Reproduce the listing that follows word for word, without its pictures.

> [Dataset section]:
▬▬▬▬▬▬▬▬▬▬
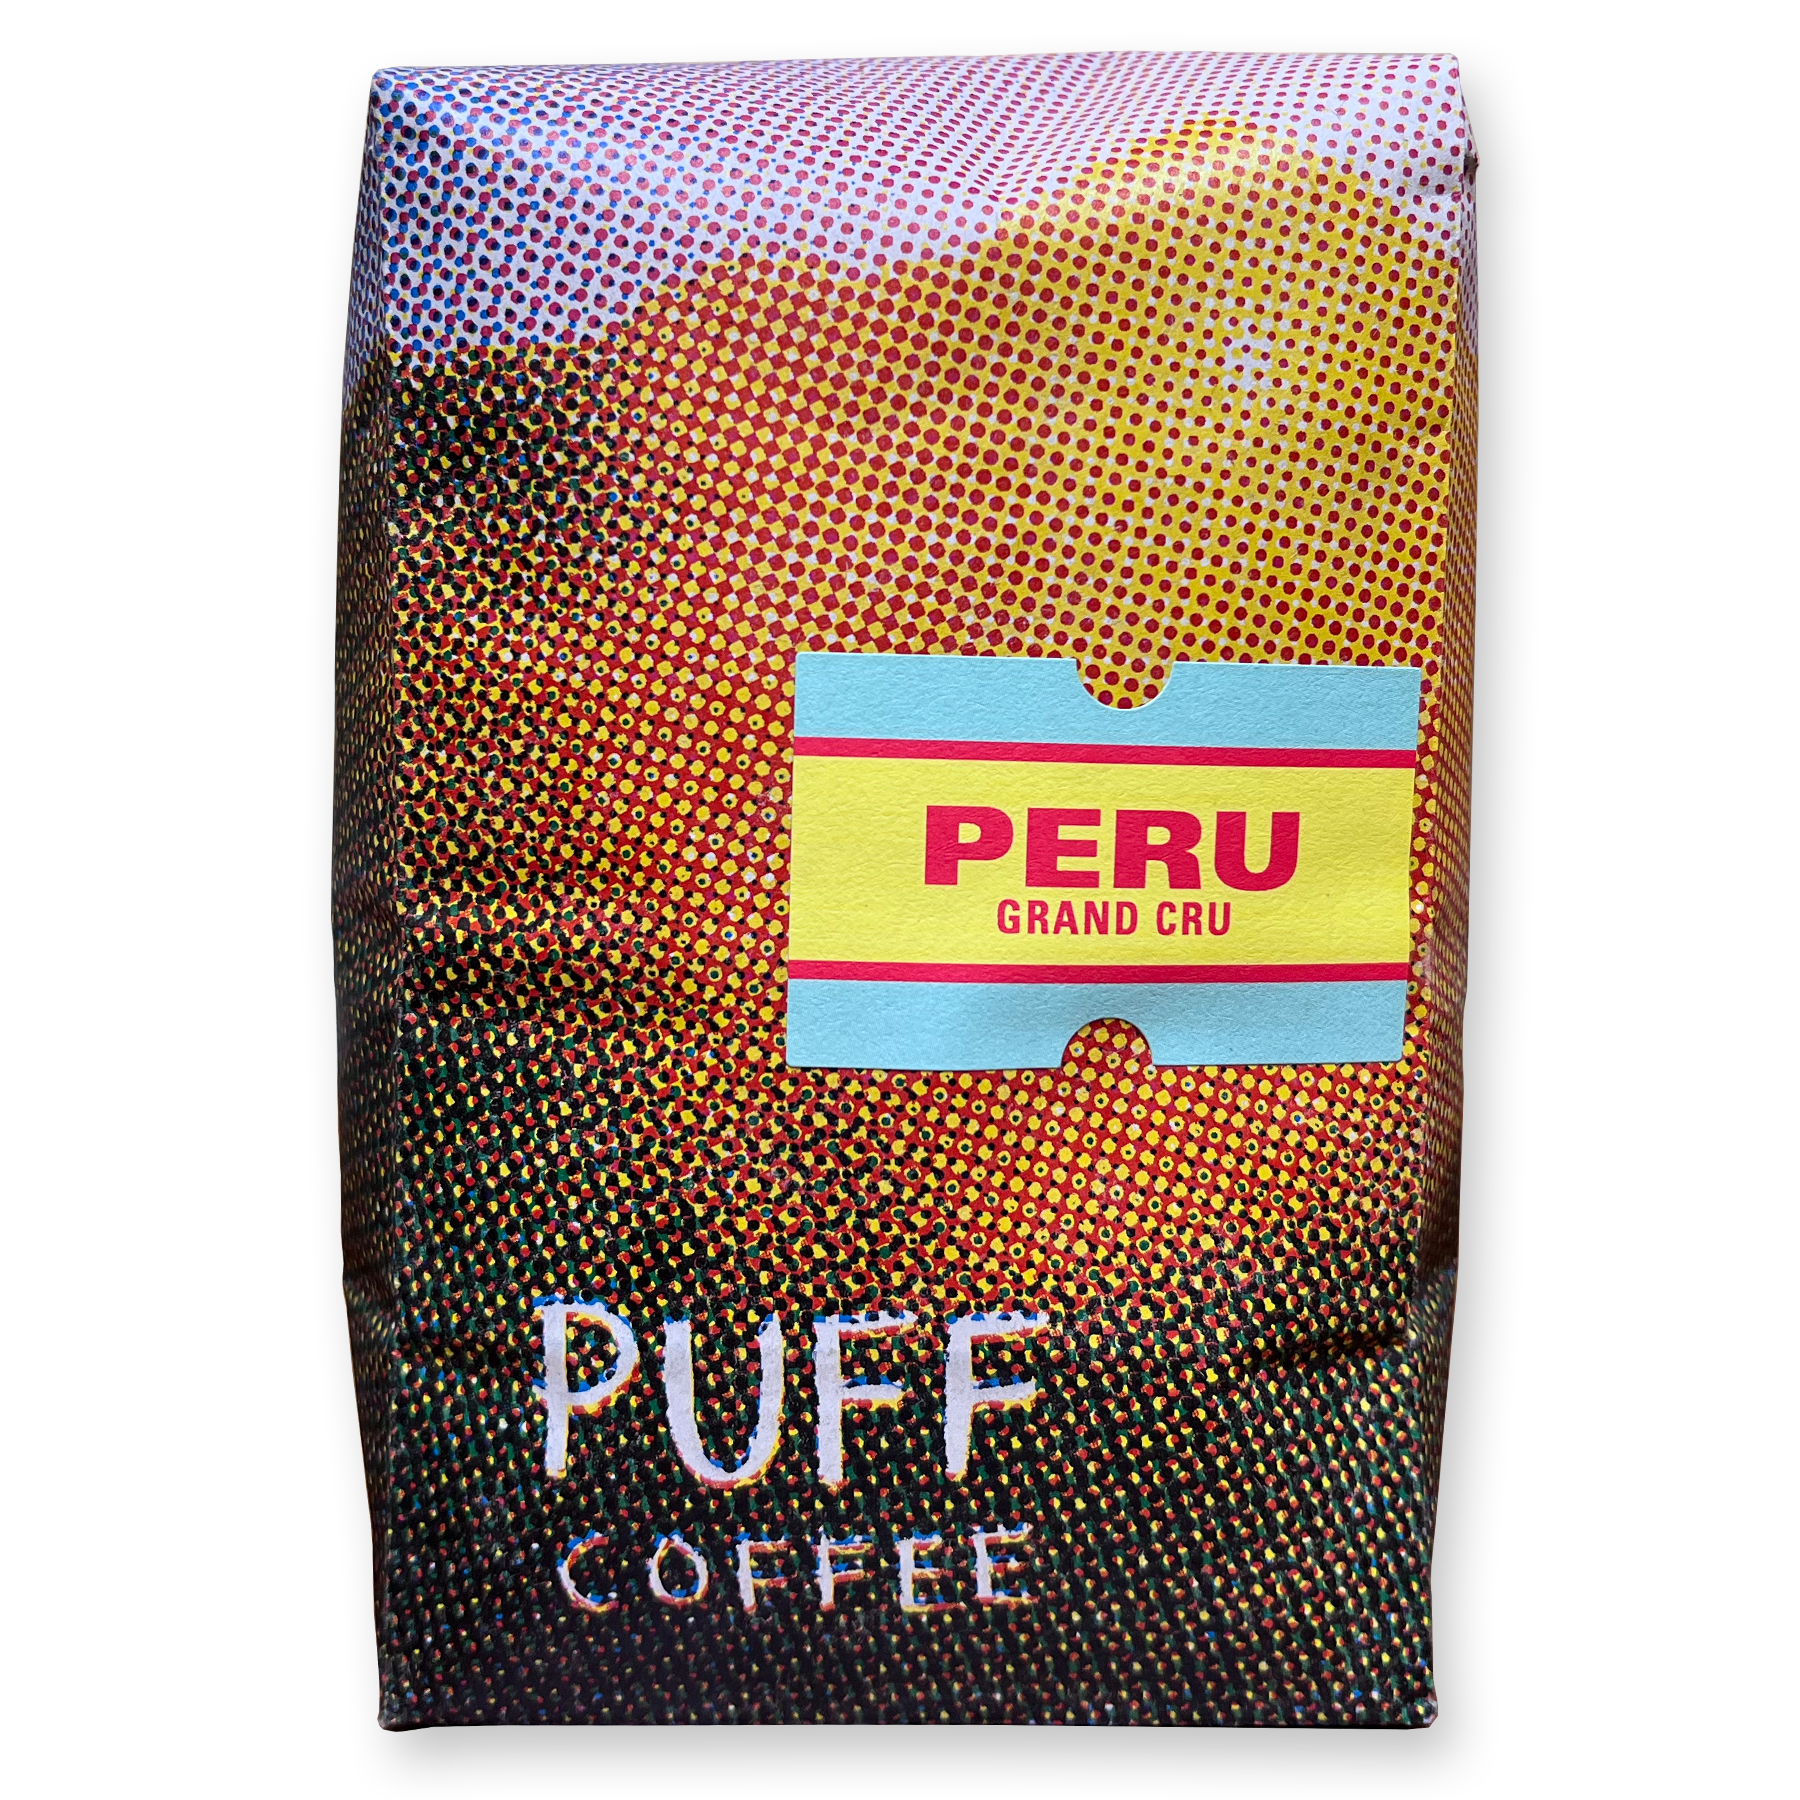 Peru Grand Cru
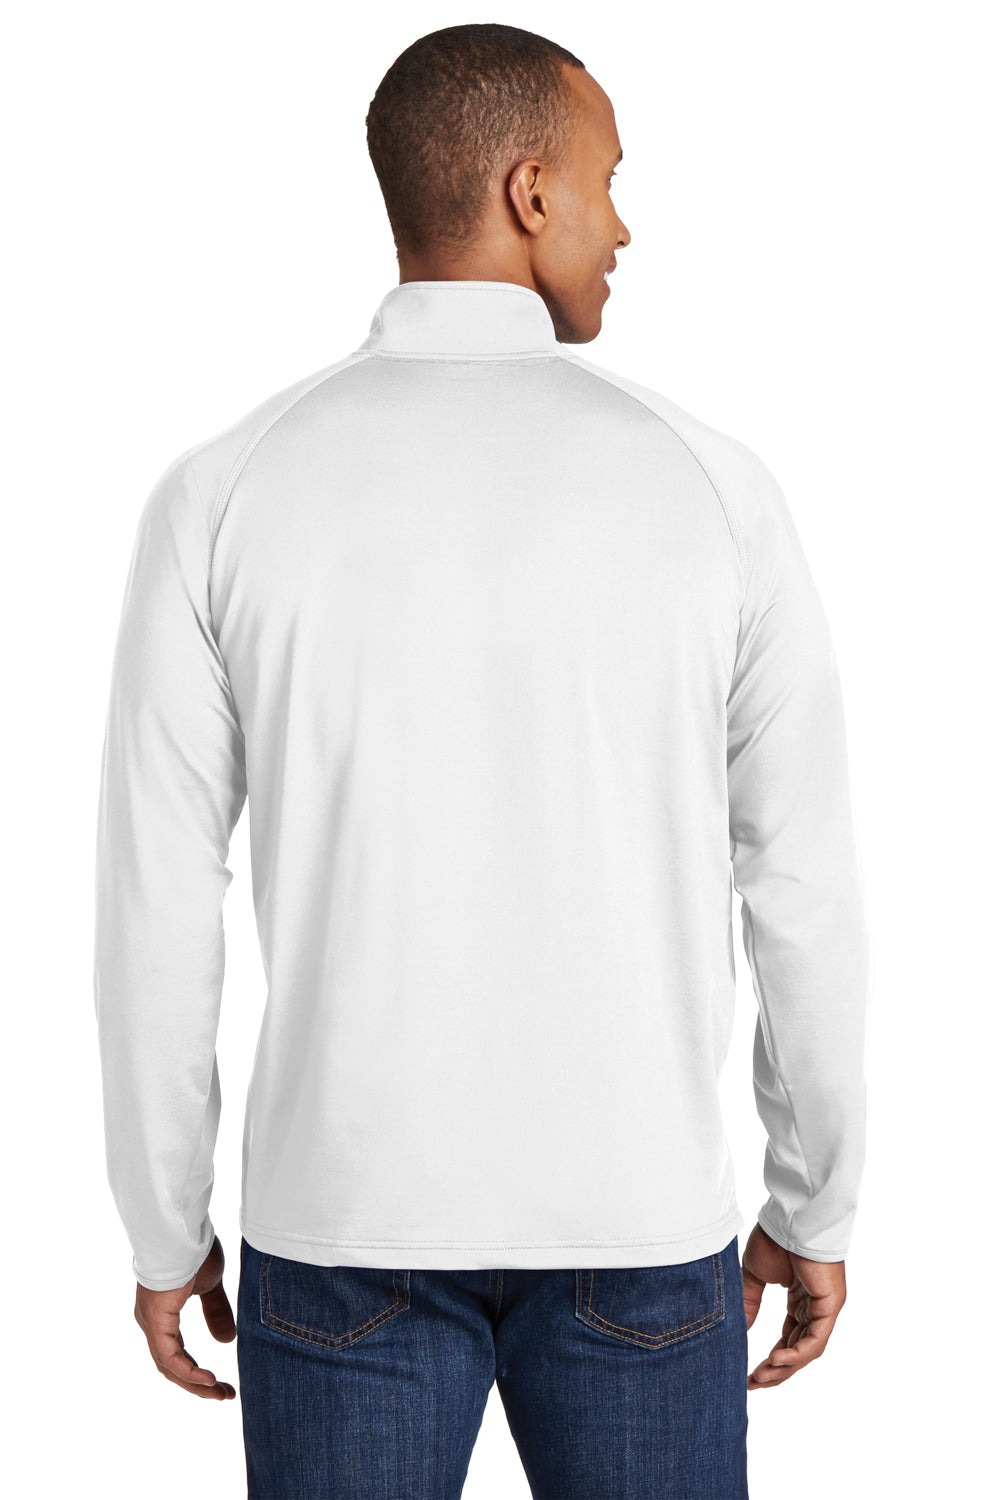 Sport-Tek ST850 Mens Sport-Wick Moisture Wicking 1/4 Zip Sweatshirt White Back
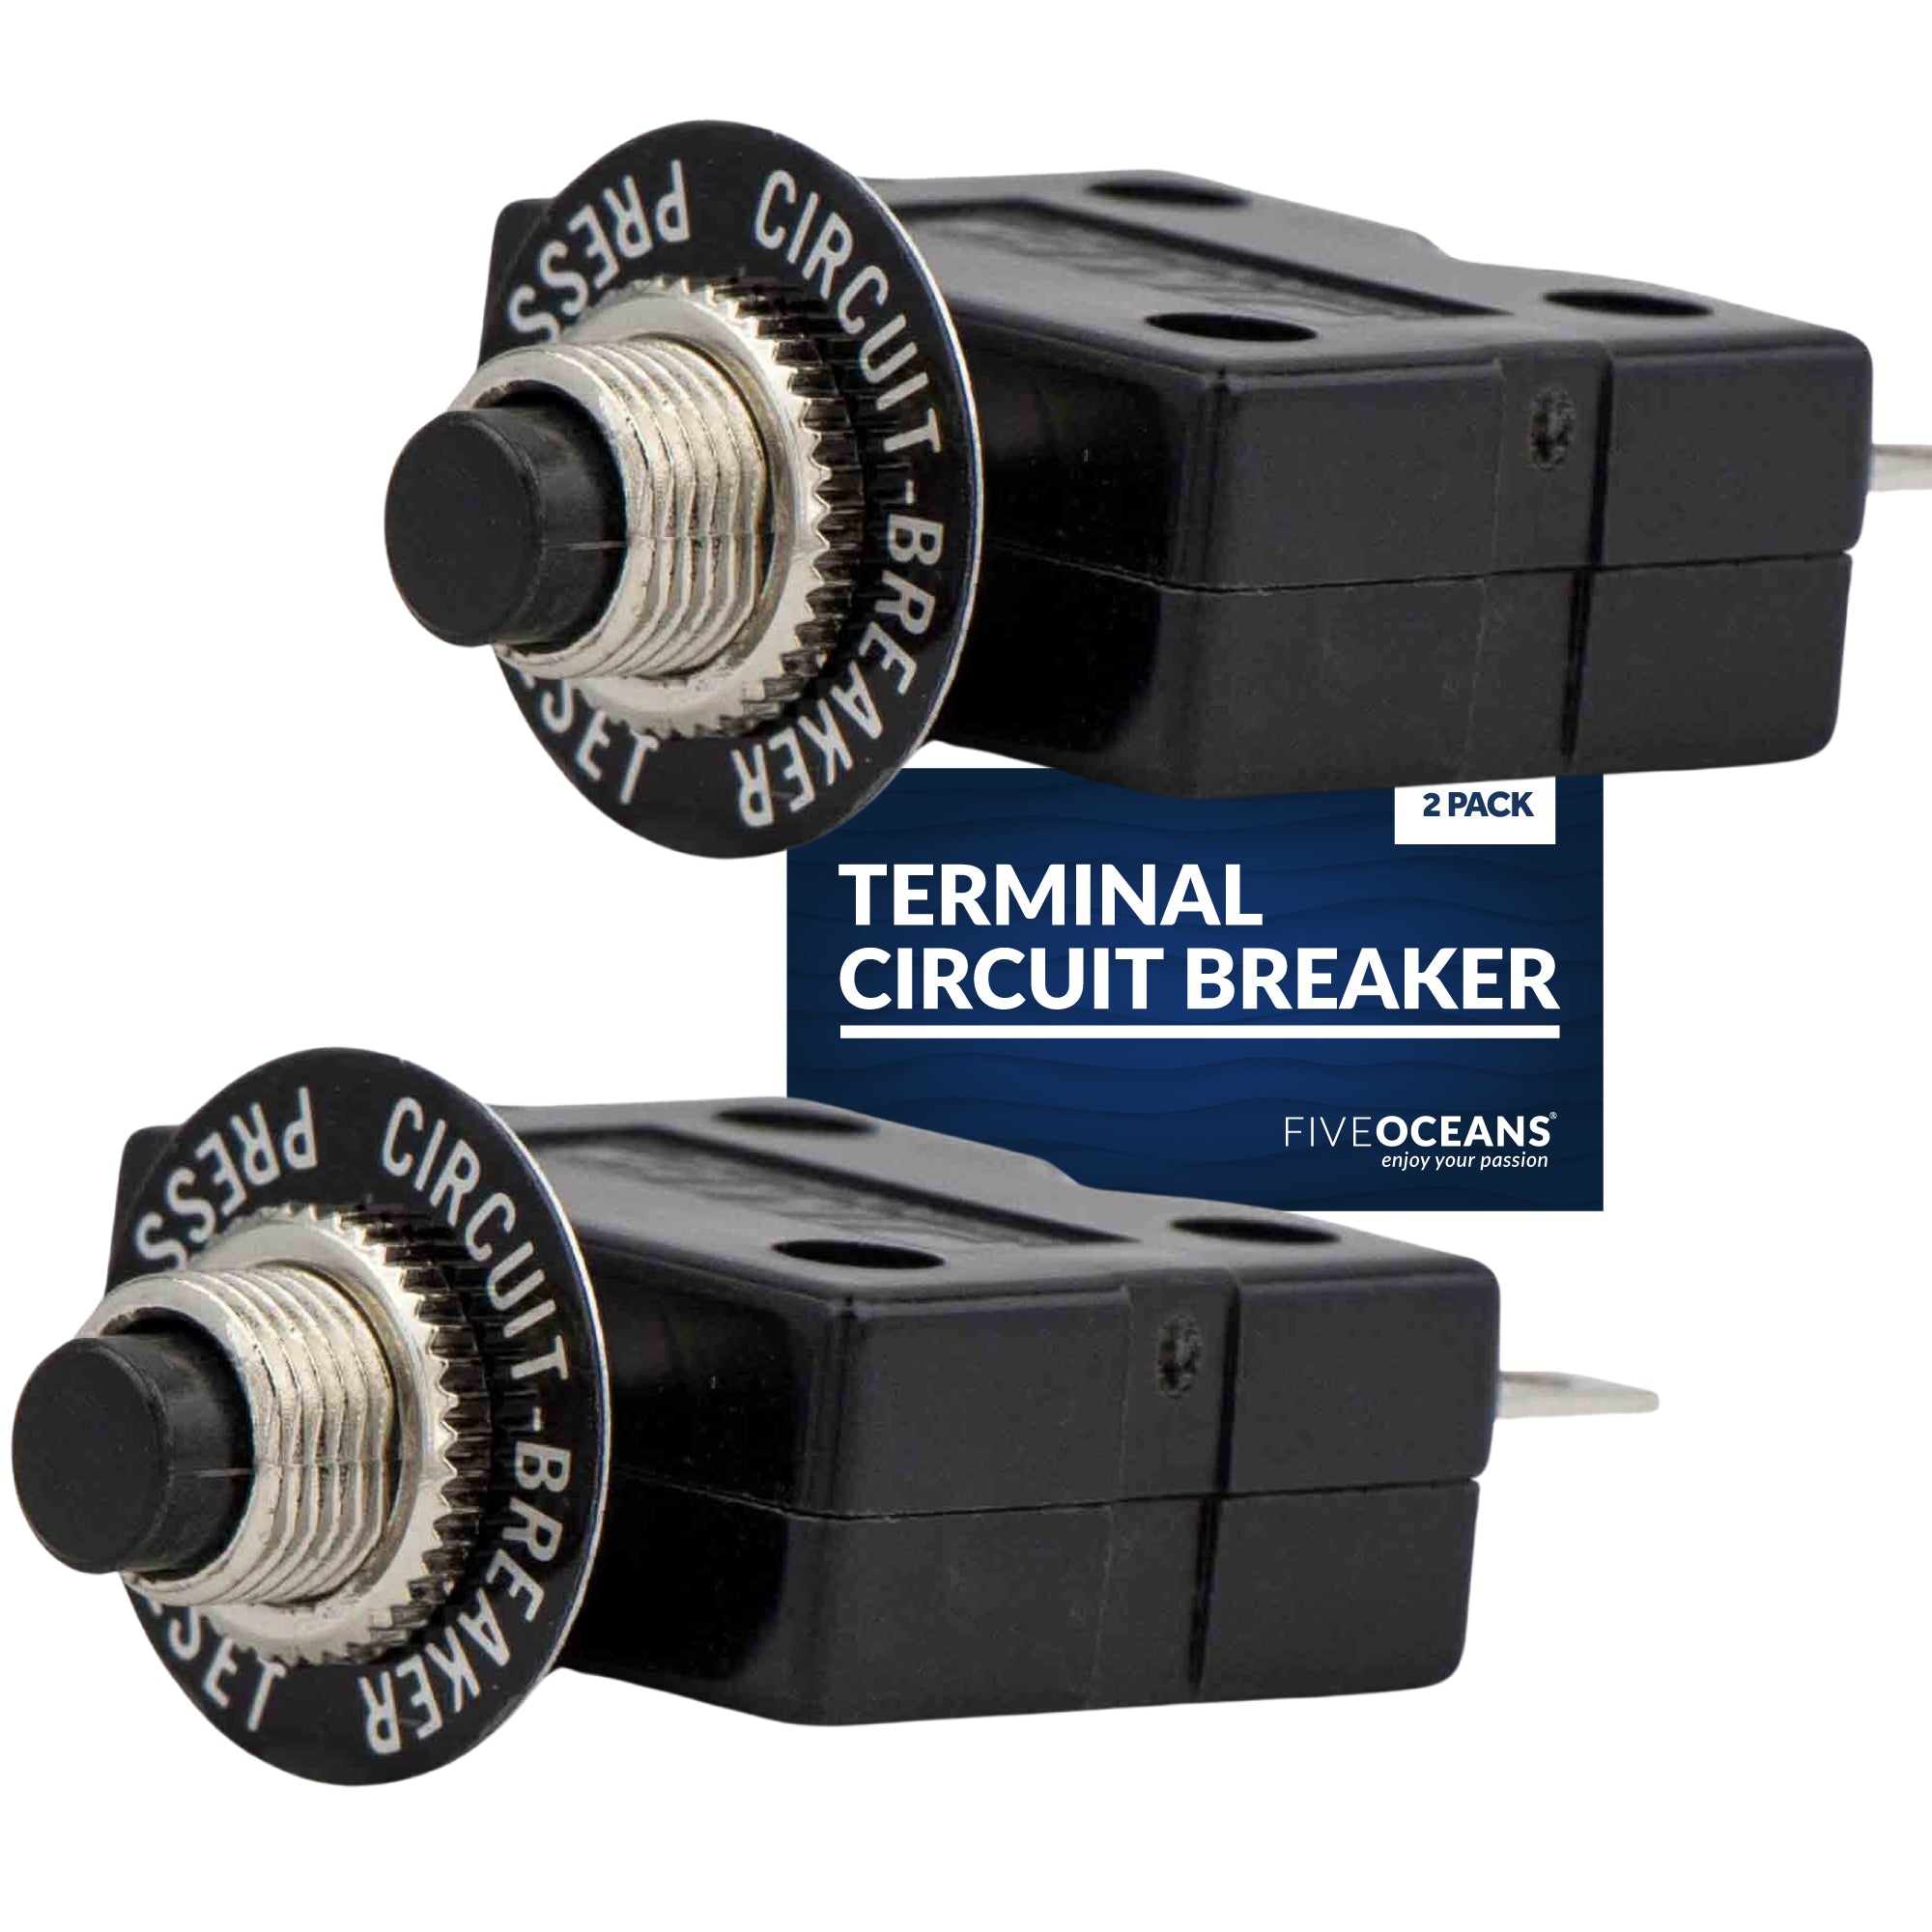 Terminal Circuit Breaker, 10 Amp 2-Pack - FO1431-M2
▬▬▬▬▬▬▬▬▬▬
> [Solution]:
 Peru Grand Cru
 Sport-Tek ST850 Mens Sport-Wick Moisture Wicking 1/4 Zip Sweatshirt White Back
 Terminal Circuit Breaker, 10 Amp 2-Pack - FO1431-M2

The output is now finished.